§ **What is required**
Nothing may be left out of the listing below but its images; repeat the rest exactly.

--- --- ---

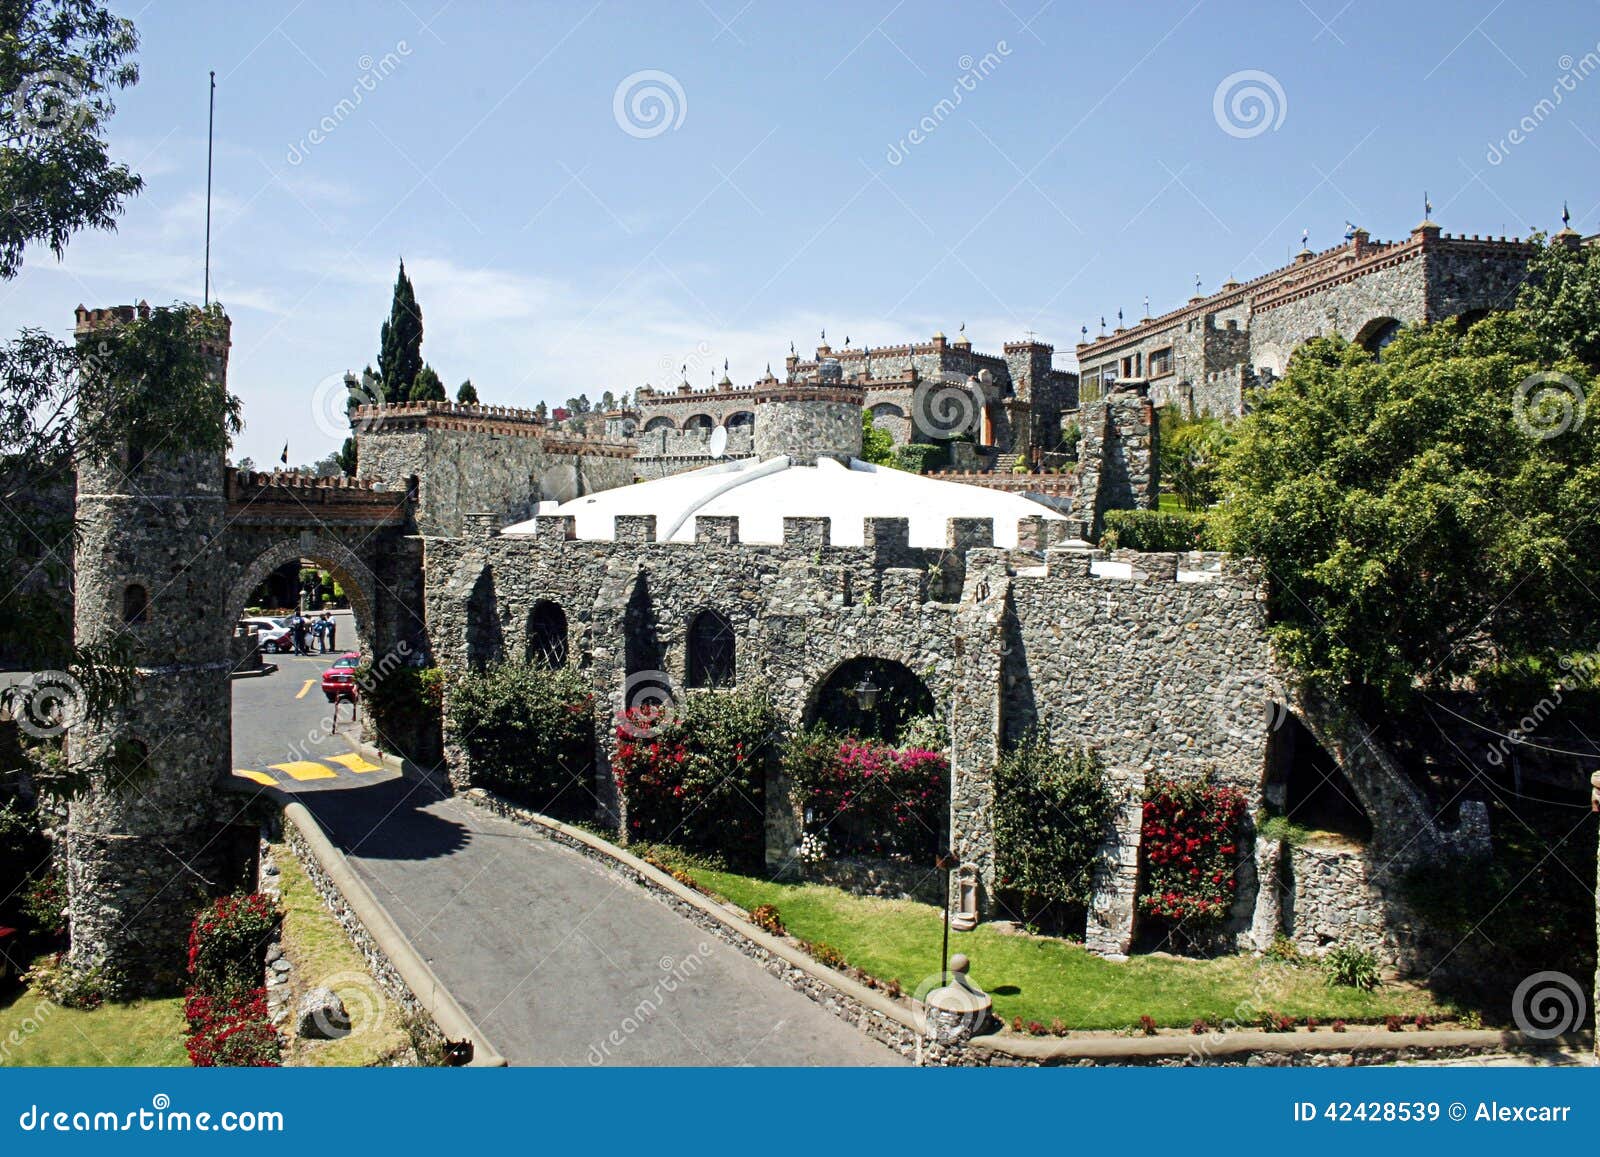 Santa Cecilia Castle stock image. Image of history, architecture - 42428539
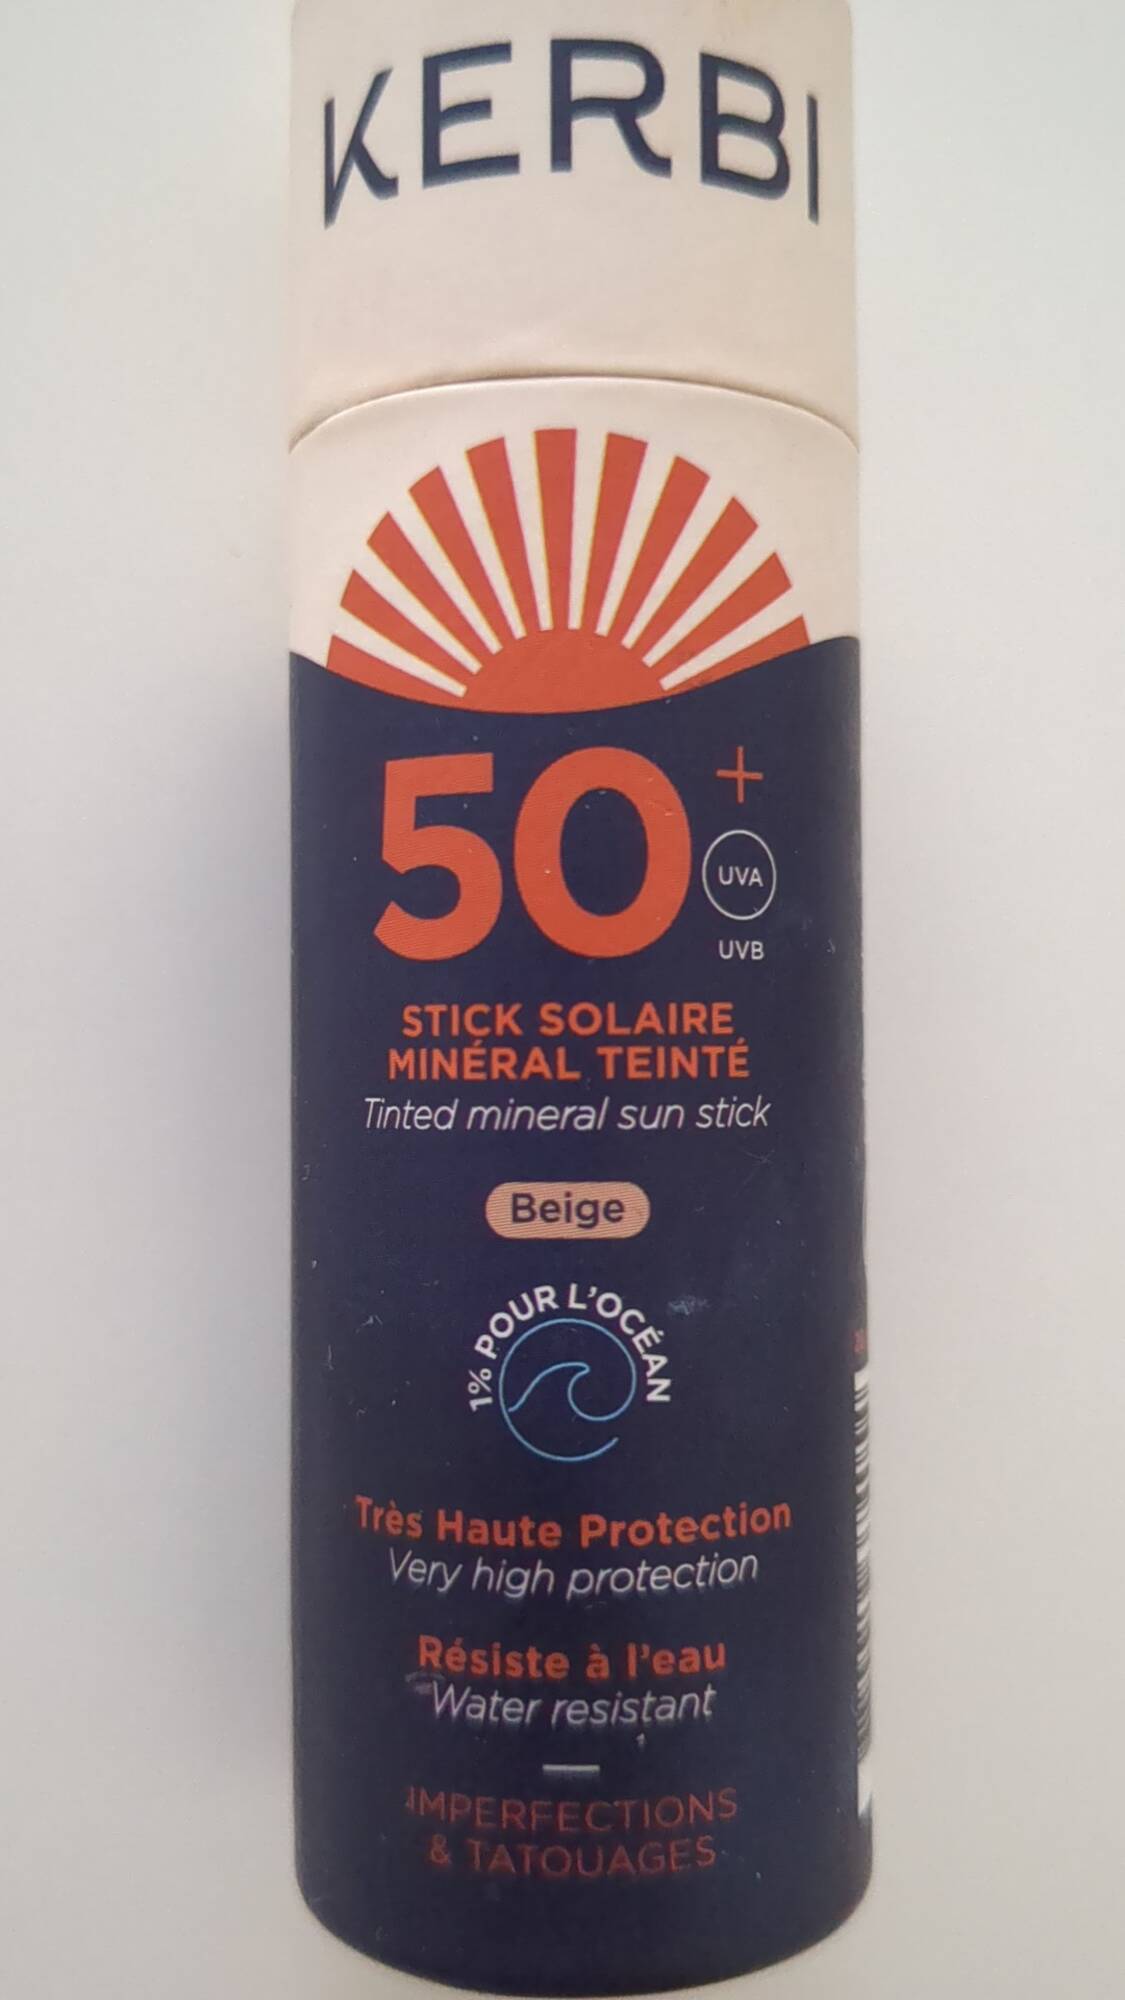 KERBI - Stick solaire minéral teinté beige 50+
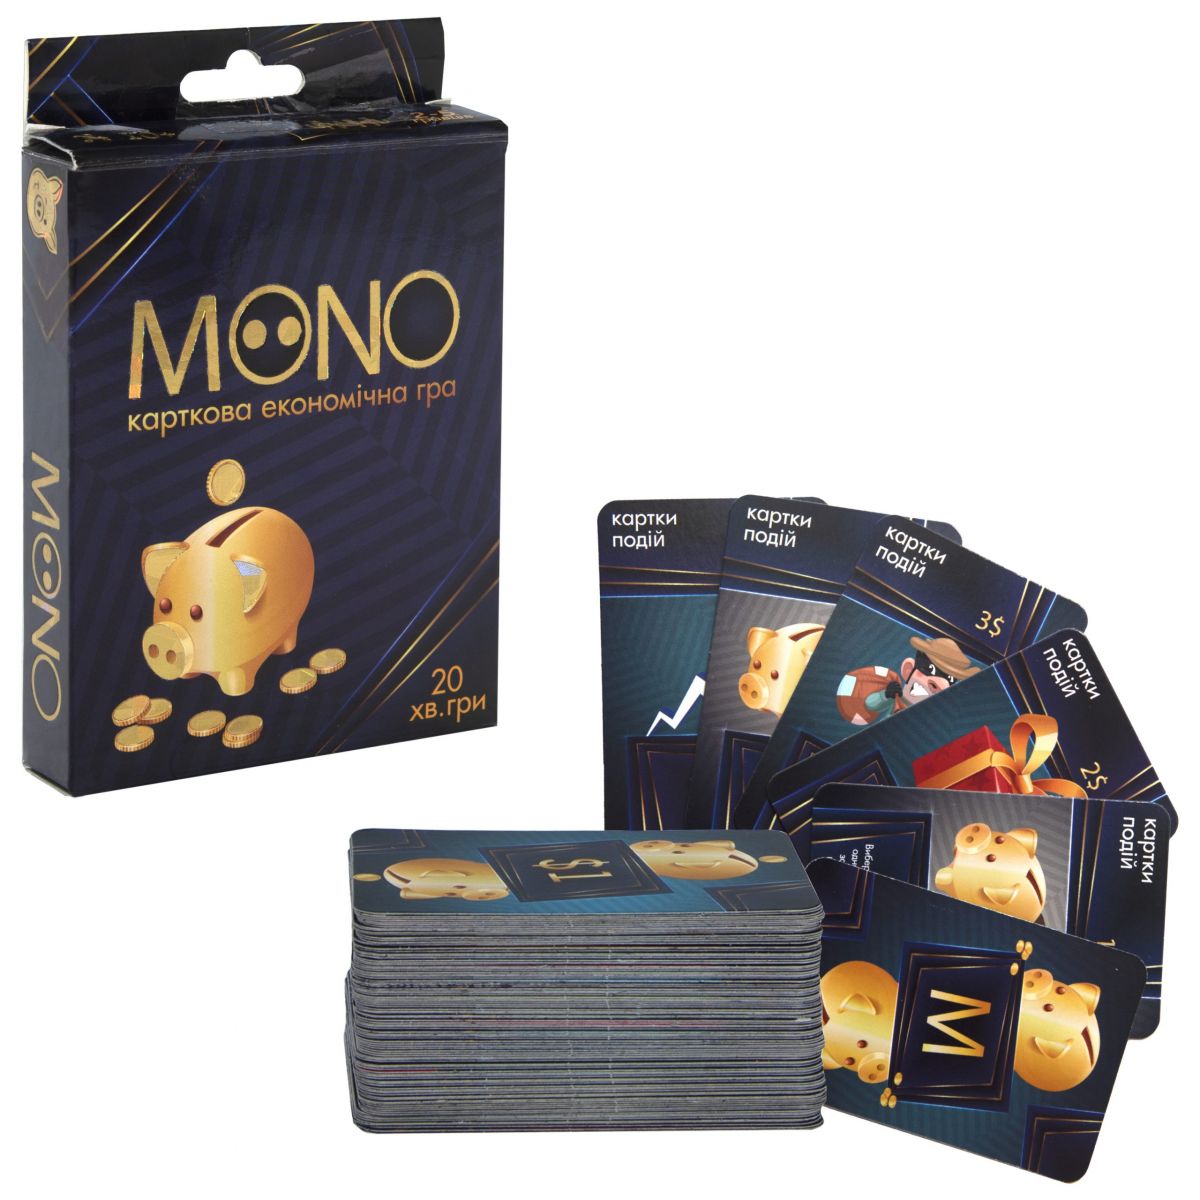 Карткова економічна гра "Mono" (укр)
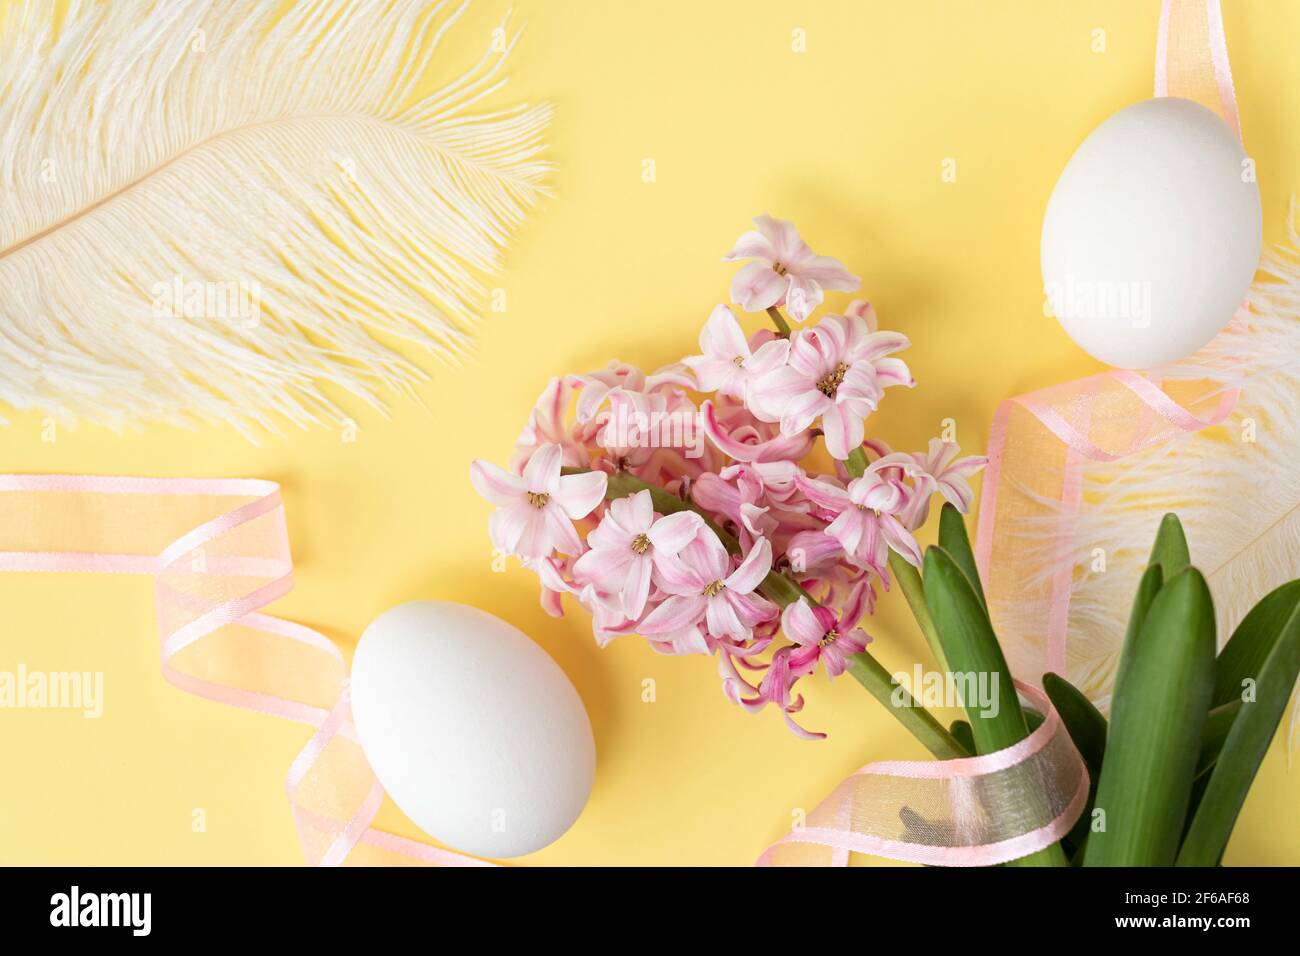 Hyazinthen Blüten mit zwei weißen Eiern, weißen Federn und rosa Band auf pastellgelben Farben. Frohe Ostern Konzept. Osterhintergrund. Draufsicht Stockfoto
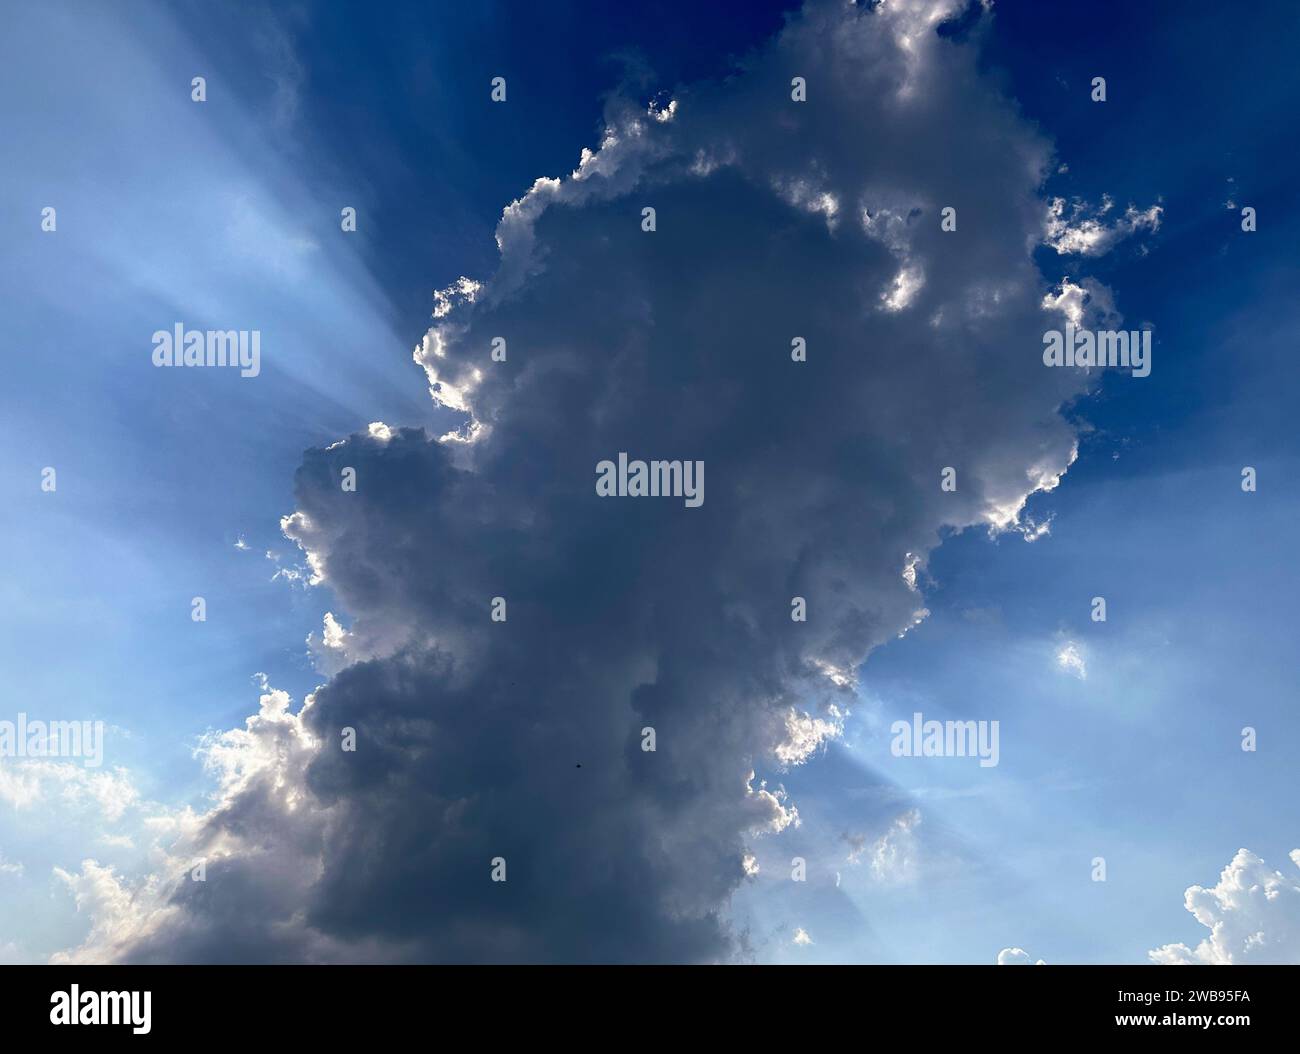 Une personne se tient au sommet d'un nuage blanc moelleux dans un ciel bleu clair, profitant de la vue à couper le souffle Banque D'Images

--- --- ---

§ **Task result**
 Santa Cecilia Castle stock image. Image of history, architecture - 42428539
 KERBI - Stick solaire minéral teinté beige 50+
 Карткова економічна гра "Mono" (укр)
 Hyazinthen Blüten mit zwei weißen Eiern, weißen Federn und rosa Band auf pastellgelben Farben. Frohe Ostern Konzept. Osterhintergrund. Draufsicht Stockfoto
 Une personne se tient au sommet d'un nuage blanc moelleux dans un ciel bleu clair, profitant de la vue à couper le souffle Banque D'Images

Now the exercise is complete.